Crossroads Capital, a tiny BDC once targeting pre-IPO equity, announced this week it would liquidate its investment portfolio and distribute cash to shareholders.

This news comes after activist Bulldog Investors became the largest shareholder of the company, previously called BDCA Venture. BDCA Venture changed its name from Keating Capital in July 2014.

Crossroads Capital’s investments are in preferred stock, common stock, subordinated convertible bridge notes, subordinated secured notes, and equity warrants, although under previous management the company made an eleventh-hour attempt to switch to a debt strategy.

However, as of Jan. 25, the company’s investment strategy became “preservation of capital and maximization of shareholder value,” and will immediately pursue a sale of investments.

The plan to liquidate “was made after considerable analysis, review and deliberation. Both management and the board believe this is the most efficient way to deliver the company’s underlying value to our shareholders,” a Jan. 25 statement said.

Among the investments in the portfolio as of Sept. 30 are social media content company Mode Media, ecommerce network Deem, online dating company Zoosk, software company Centrify, renewable oils company Agilyx, human resources software company SilkRoad, waste management company Harvest Power, and solar thermal energy company BrightSource Energy.

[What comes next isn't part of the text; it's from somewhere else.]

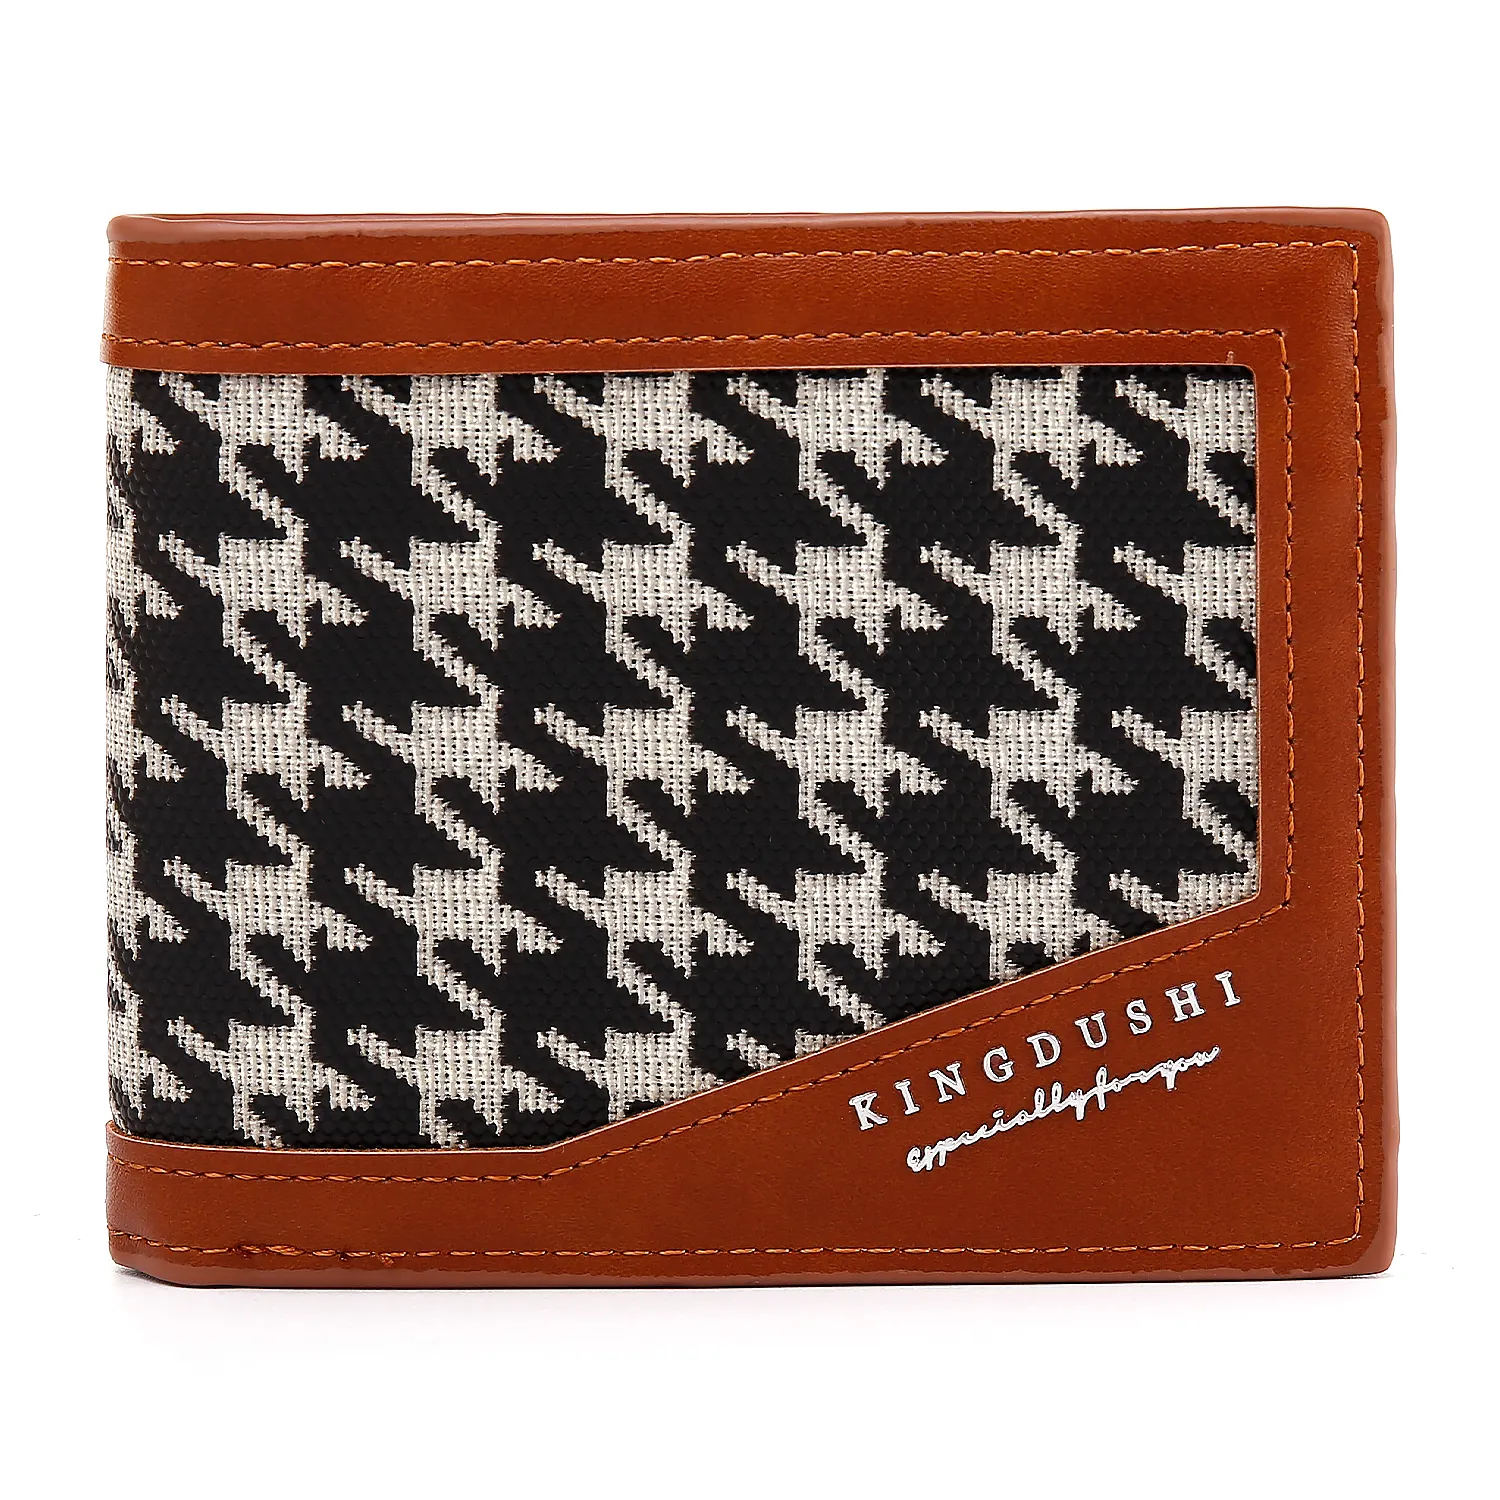 Nouveau design de portefeuille en cuir PU pour hommes porte-cartes multi-cartes court RFID fenêtre d'identification visible à la mode motif floral serrure PVC ouverte
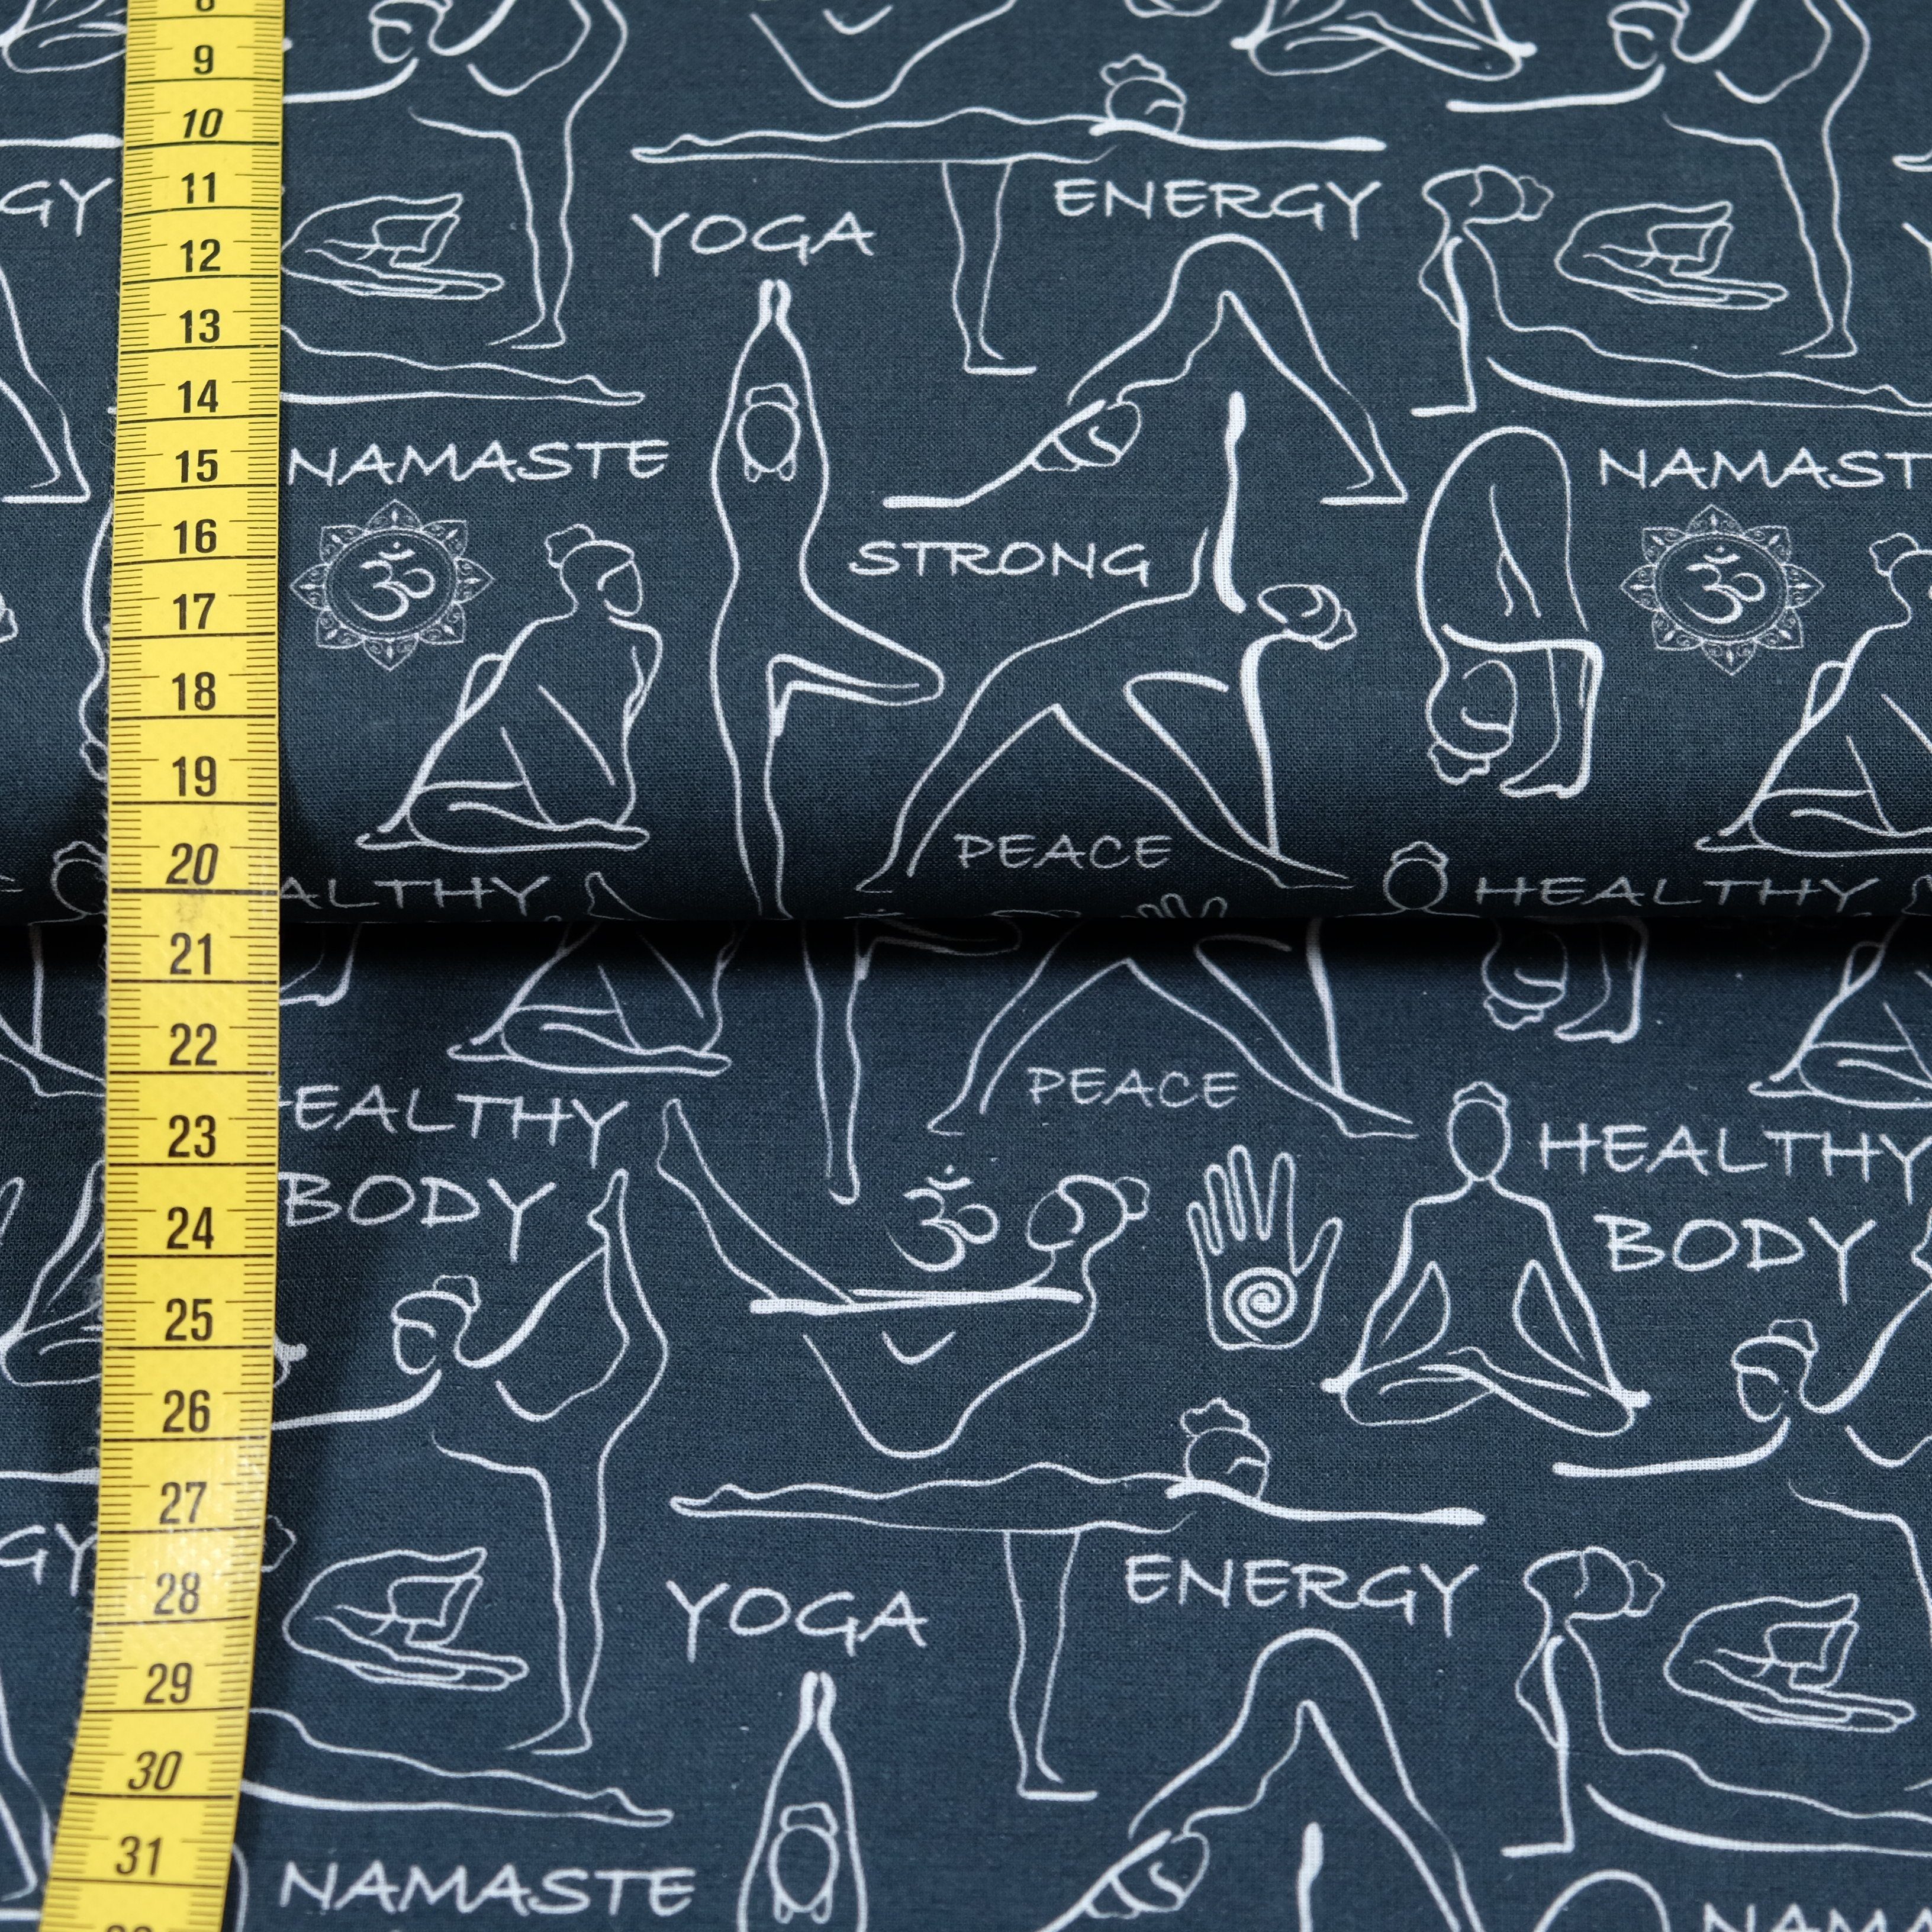 larissastoffe Stoff Baumwollstoff Yoga Dekostoff schwarz, 14,90 EUR/m,  Meterware, 50 cm x 140 cm

Net assets totaled $54.5 million as of Sept. 30, 2015, or $5.63 per share, consisting of 12 portfolio company investments with a fair value of $39 million and cash and cash equivalents of $16.2 million. Shares in Crossroads Capital, which trade on Nasdaq as XRDC, closed at $2.10 yesterday.

In September 2014, the company’s previous board approved a change in strategy to focus on debt of private companies, moving away from venture equity. The change was part of then-management’s attempt to reduce the company’s stock discount to NAV.

But this plan was too little, too late, for some.

In May, Bulldog Investors filed a proxy statement soliciting support for a plan to elect its own board members, terminate an external management agreement with BDCA Adviser, and pursue a plan to maximize shareholder value through liquidation, a sale, or a merger.

Bulldog Investors criticized the strategy to convert BDCA Venture away from venture capital–backed or high-growth companies into an income-oriented fund, saying the BDC’s small size and high expense ratio meant the plan was “almost certainly doomed to fail.”

BDCV’s shares were trading at $5.05 at the time the proxy was filed in May 2015, a 25% discount from its March 31 NAV of $6.71. That compared to a listing price of $10 at the time of the company’s IPO on Nasdaq in December 2011.

In contrast, BDCV’s expenses in the three years prior to the proxy totaled $13.25 million, or $1.33 per share, according to the Bulldog proxy.

The plan laid out in May 2015 has more or less come to pass.

In July, shareholders elected Bulldog-nominated directors Richard Cohen, Andrew Dakos, and Gerald Hellerman. A proposal to terminate the investment advisory agreement with BDCA Venture Adviser failed to pass in a vote at the 2015 annual meeting, but was approved by the board in October.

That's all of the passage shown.